Open trallnag opened 3 years ago

trallnag commented 3 years ago

Let's say you have a project that has reached a very stable status. No additional features are planned and activities are limited to bug fixes and chore updates. According to the definition https://www.repostatus.org/#inactive this would be an inactive project. To me this sounds kind of wrong. Something like "Passive" would fit better. Though some definitions say that "Passive" and "Inactive" are synonyms.

What do you think?

waldyrious commented 3 years ago

Agreed — the badge could be interpreted to mean either "This project happens to be inactive (but can come to action in the right circumstances)" or "This project has been deliberately placed in an inactive state". The latter meaning suggests much less openness to, e.g., accepting pull requests or fixing reported bugs, and indeed it sounds more like the "Abandoned" status.

Considering the "support/maintenance will be provided as time allows" part of the description, I'd be in favor of replacing "Inactive" with "Passive" or another similar term that better represents that status. Perhaps "Reactive" as a play on words with the existing "Active" status, could also work? Or "Stabilized"... dunno, just spitballing ideas :)

Alarm-Siren commented 1 year ago

Of the four options of "Inactive", "Passive", "Reactive" and "Stabilized", I think Passive best communicates the intent of the status.

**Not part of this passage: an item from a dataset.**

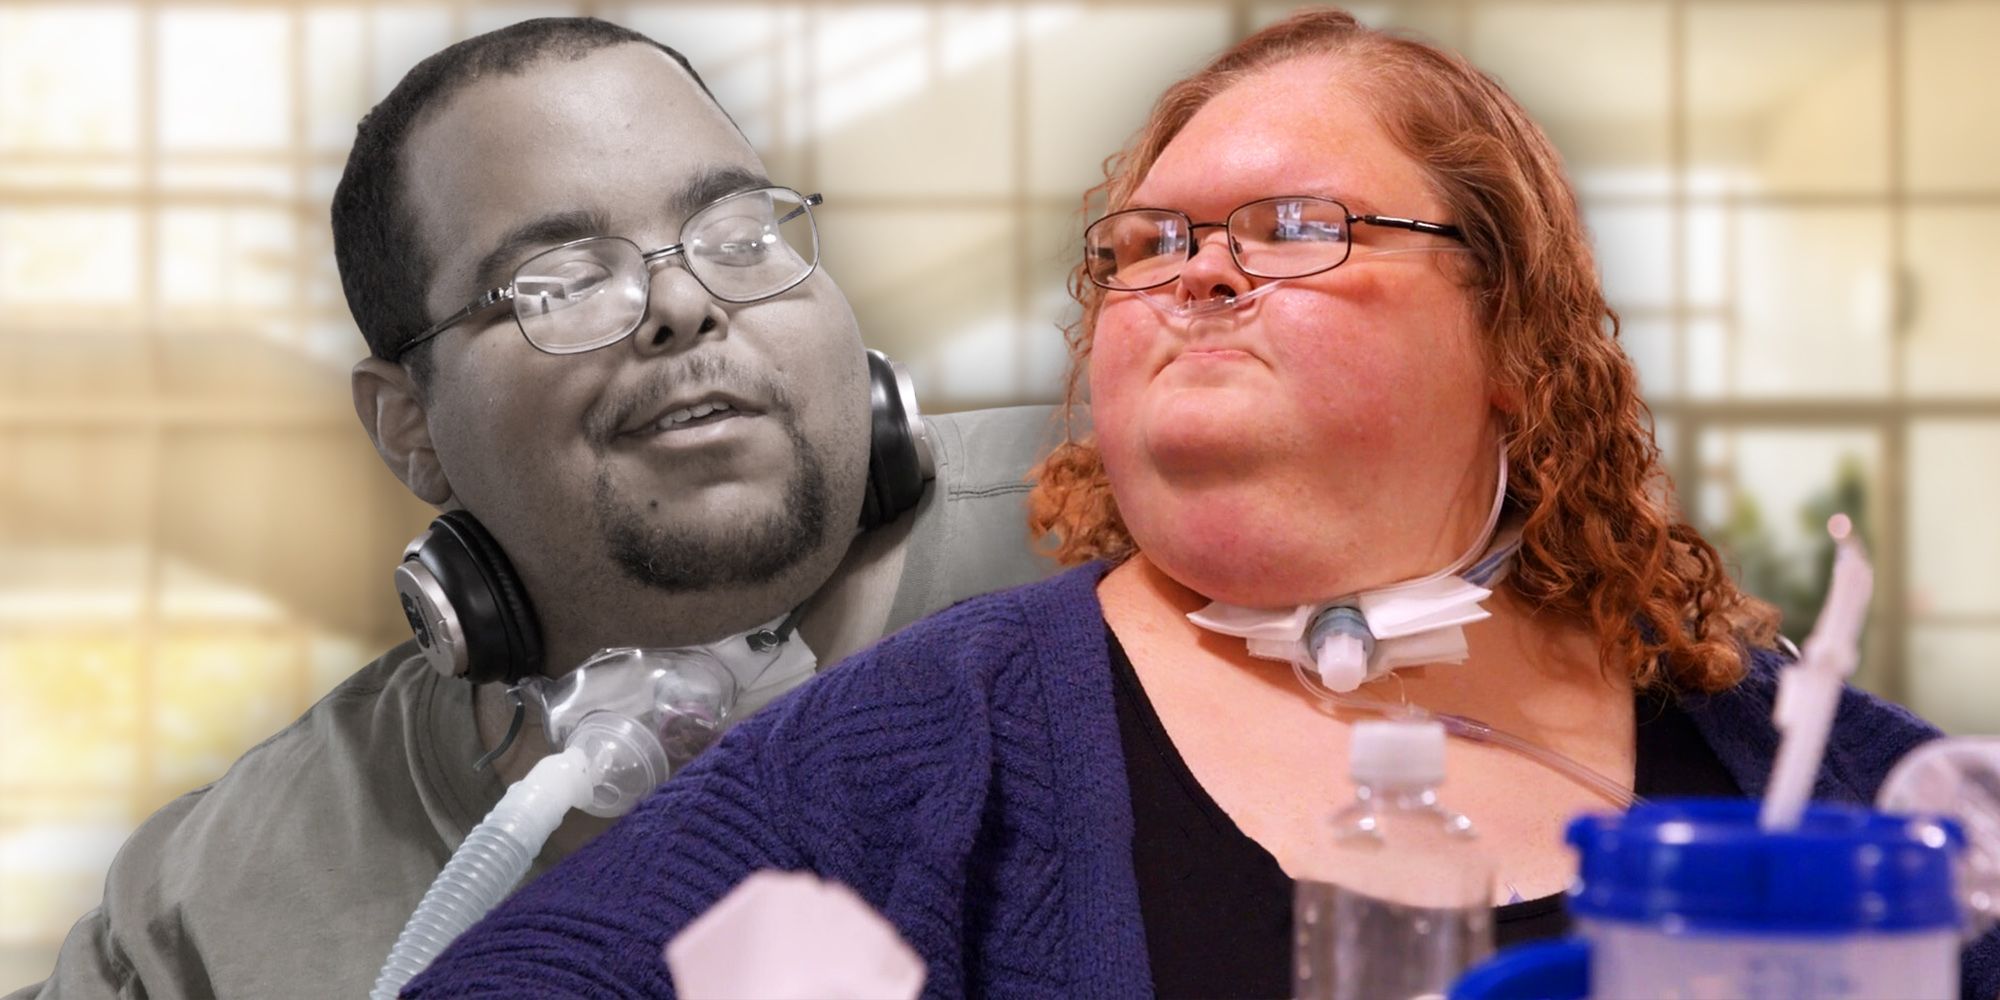 Side by side images of Tammy Slaton and Caleb Willingham from 1000-Lb Sisters
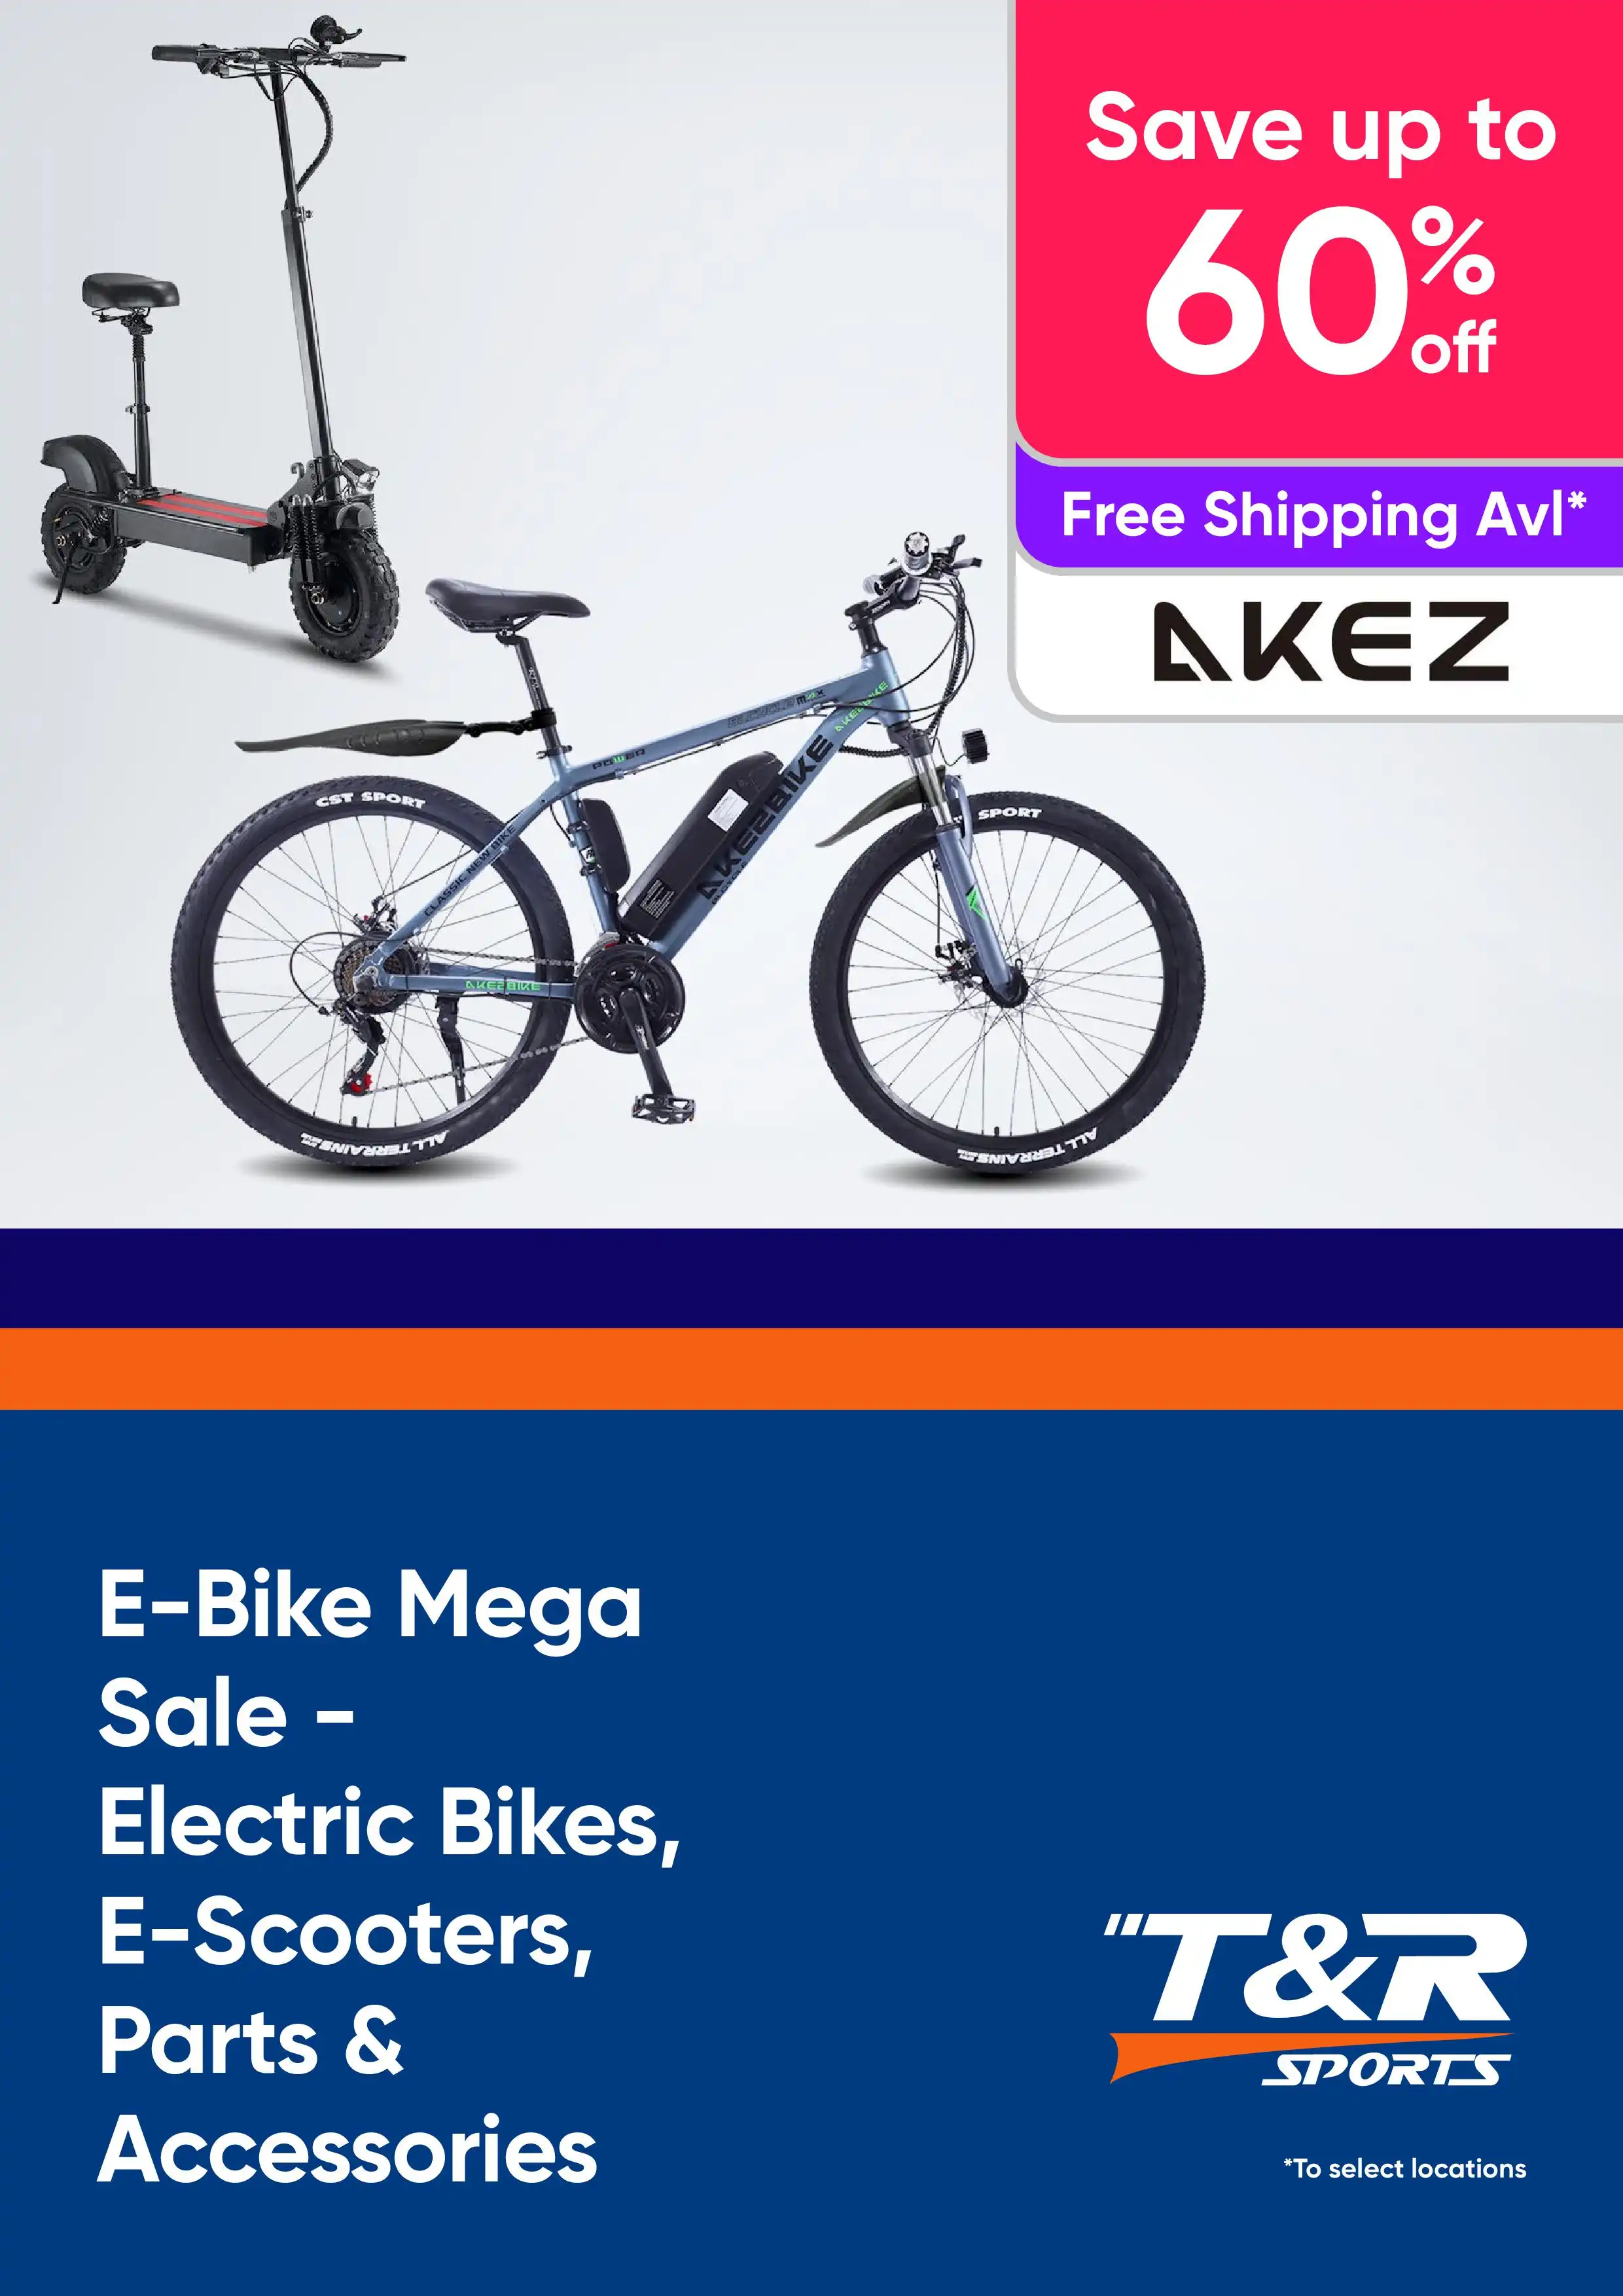 E-Bike Mega Sale - Up to 60% Off Electric Bikes, E-Scooters, Parts and Accessories

I don't think the meaning of Reactive would be obvious to a passer-by, though I appreciate the play on words.

If I didn't know the statuses already, then Inactive to me would be imply Unsupported.

I'd like to suggest a pair of new options: "Maintenance" or "Supported". This is because whilst I like Passive, it kind-of implies some level of... sluggishness, like "yeah we'll get to your issue eventually if we feel like it". These two options more directly imply that the repo is still being looked after.

Another thought, a new status of "Deprecated", meaning the same as Inactive/Passive/Supported except with the additional valence of "but you should probably try to find something newer".